Provare per credere.

Funziona con qualsiasi emerge, e in generale con qualsiasi processo (almeno dovrebbe) solo nella stessa sessione di terminale.

Questo tip e' beerware (nel senso che a chi e' servito, puo' offrirmi una birra  :Razz:  :Razz: )

----------

## FonderiaDigitale

ad esempio, potrebbe servire  a chi durante l'estate, fa surriscaldare troppo il suo pc, dandogli un attimo di fiato. ma e' solo un esempio tra tanti.

----------

## emix

Ottimo... complimenti! 

Lo userò siuramente per gli emerge lunghissimi  :Wink: 

----------

## Danilo

 *FonderiaDigitale wrote:*   

> 
> 
> Funziona con qualsiasi emerge, e in generale con qualsiasi processo (almeno dovrebbe) solo nella stessa sessione di terminale.
> 
> 

 

Non lo avevo segnalato perche' mi sembrava ovvio...  

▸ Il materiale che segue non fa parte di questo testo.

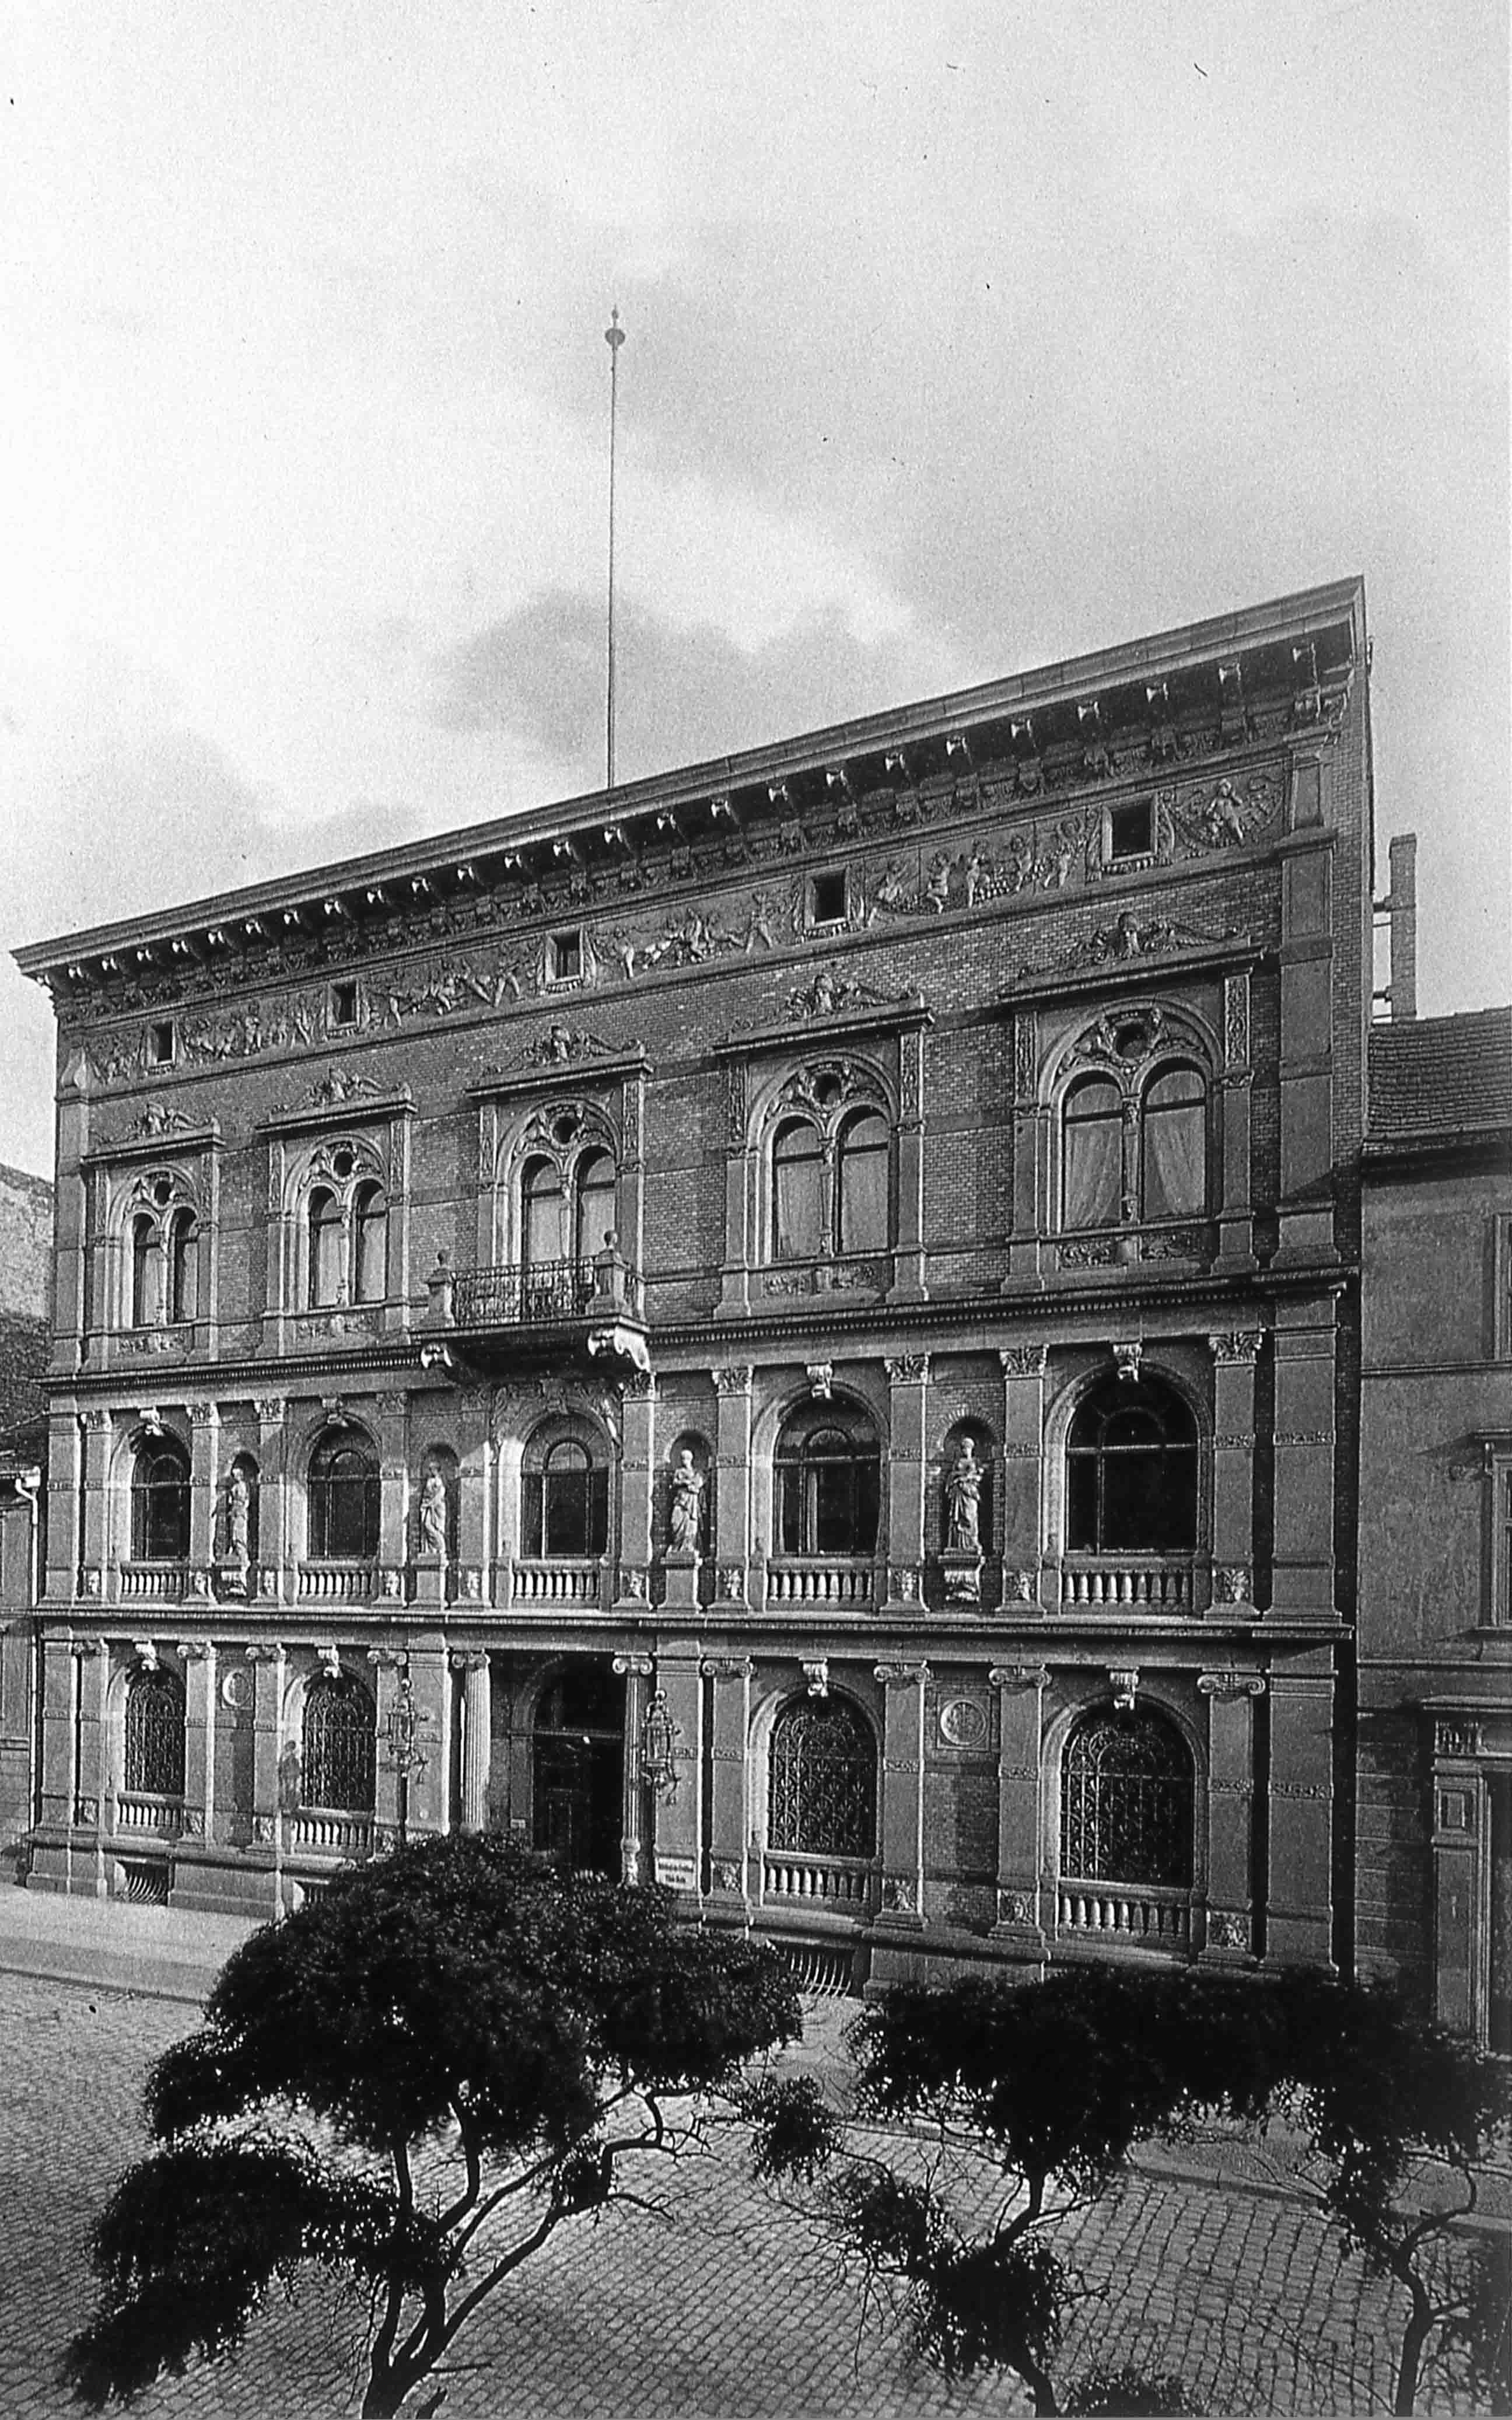 Behrenstr 2, Mitteldeutsche Creditbank, von Ende

Comunque confermo funge su ogni processo (almeno finora NESSUN processo NON si e' ibernato).

E' una features dei sistemi unix(-like).

ctrl-z non fa altro che freezare il processo in attesa di altre istruzioni:

fg (foreground) che hai segnalato continua il processo.

bg (background) lo manda in background

Io lo uso sopratutto se dopo aver dato un emerge e mi che dura troppo e voglio dare un halt alla macchina dopo la compilazione stessa.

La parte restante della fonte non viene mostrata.